If working with raw data in R, tidying the cases on string variables may be required where it is not necessarily required in a SQL
query. Of course, almost all raw data needs tidying to some degree, but it is important to know whether the programming
languages accounts for case with string variables. It is also important to know whether in the original data case did,
in fact, matter. Otherwise, your analysis may incorrectly assume equivalence between "b" and "B", for example, which
may not have been the intention of the person or system who created the data.
Boolean variables are used for programming logic. They have two possible values: True and False. Most programs involve checking conditions and performing tasks (or not performing tasks) based on whether one or more conditions are met. For example, imagine a Bank charges two different interest rates depending on a borrower's credit score. For a high credit customer with a credit score of at least 700, the bank will offer a more competitive rate of 3.5%. For those who do not meet that criterion, the rate is 4.0%. Imagine a system is designed to automatically assign the rate when the application is processed. This logic would involve:
Evaluating conditions and utilizing boolean variables are a critical component to programming more complex tasks and to answering more complex analytical questions.
Given the flexibility required to accomplish tasks with a programming language, each language will likely have a
wide variety of additional variable types.
One somewhat common variable type is a "catch all" variable type. For example, in the Excel VBA language,
variant
variable types allow the variables to work with different types of values. During the course of
a program execution, a variant variable type may at one point be a numeric, at another a string, and at yet another
a Worksheet object. In general, it is advisable that when the variable type is known in advance to use the
explicit variable type rather than a catch-all variable type such as variant.

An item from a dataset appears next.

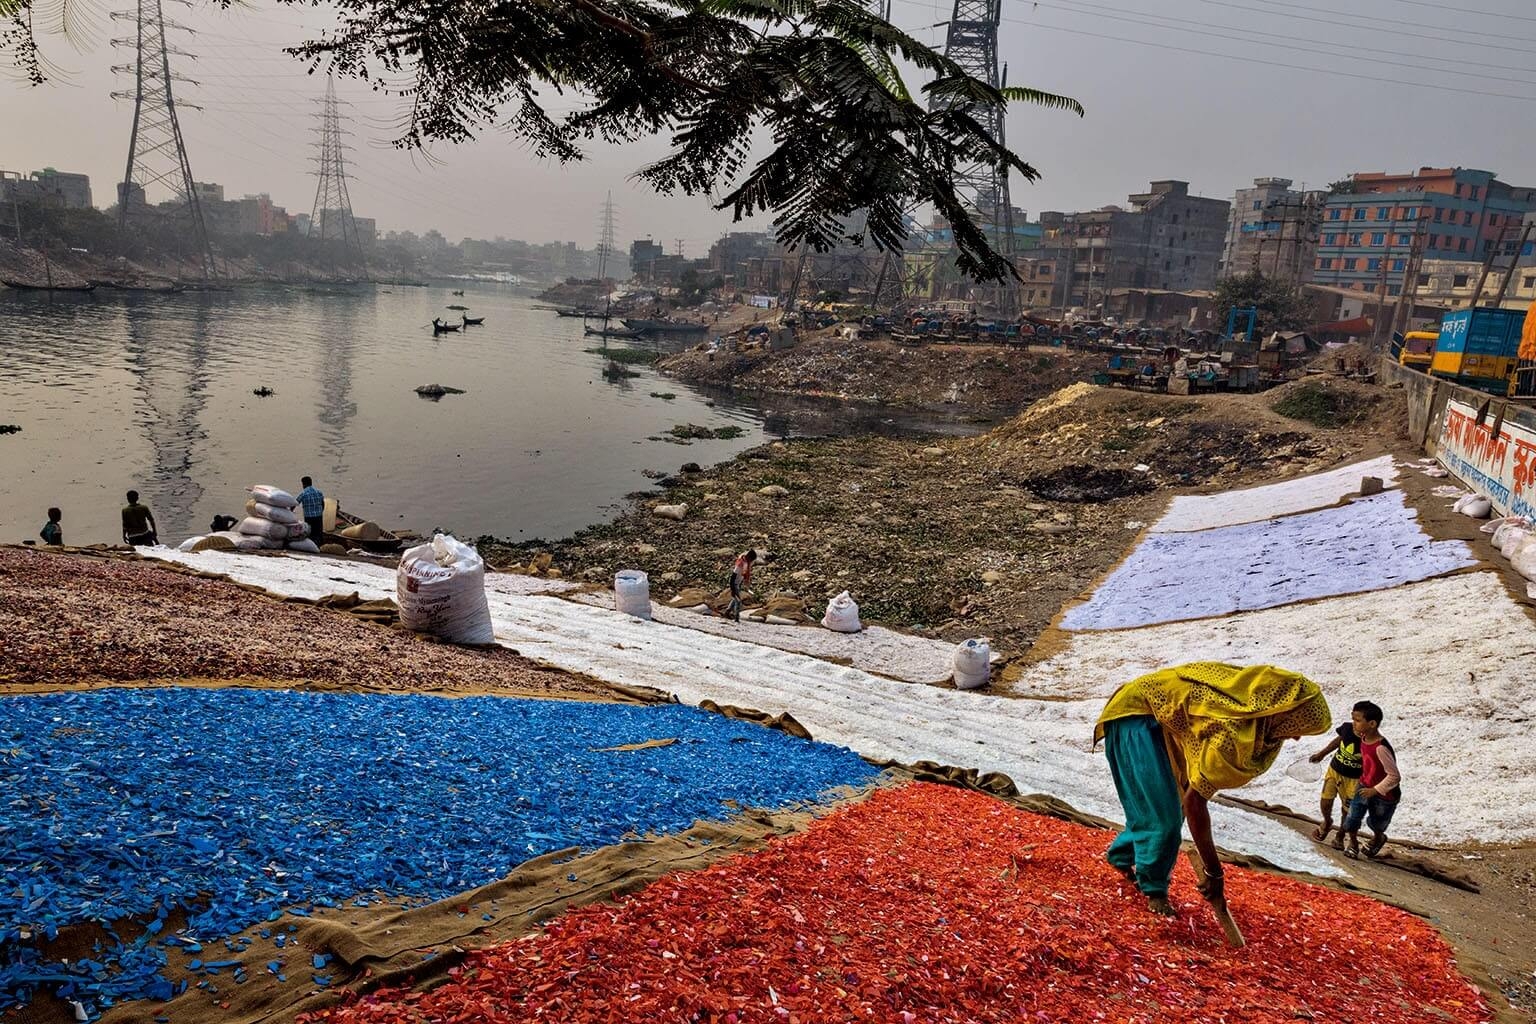 彩色塑膠碎片經過人工收集、清洗和分類後，堆放在河岸上曝曬。達卡市和周遭地區約有12萬人從事這種非正式資源回收業。攝影：藍迪．奧森 RANDY OLSON

type in the Excel VBA language
The most common other variable type is an object variable. Precisely what kinds of objects are available depends on the
programming language. For example, in R, I could have a variable that represents a vector or one that represents the output
of a linear regression (referred to as a lm
object). In Excel VBA, I could have a variable that represents
a cell, a range, a worksheet, or a workbook. As mentioned above, these object variables require the most specialized
programming-specific knowledge as they are usually only relevant to one language.
Functions are self-contained programs that translate inputs into outputs. Even with no programming experience,
you've probably already encountered functions. If I want to know the square root of 1,500 on a calculator,
I'll use the √x
button to return the answer. Pressing this button tells the calculator to perform
the mathematical operation x^(1/2)
(which itself is then a type of function). This conversion process
is a function.
The most common example of a function and how one might use it in a program language is through the Excel built-in
functions. Within a cell, I type the following: =SUM(2, 3, 4)
. This uses the SUM()
function
in order to sum a series of arguments, which in this example are the numbers 2, 3, 4. Evaluating the function will
return the result 9 in the cell. Excel has many, many more built-in functions, which you can see
here.
As the universe of possible Excel functions makes clear, built-in functions typically fall into different classes. For example,
there are string functions that parse or combine substrings (a string within a string). There are others that perform
statistical operations, such as returning a random sample from a normal distribution. And there are others yet that work with
dates, which is actually a very common programming requirement.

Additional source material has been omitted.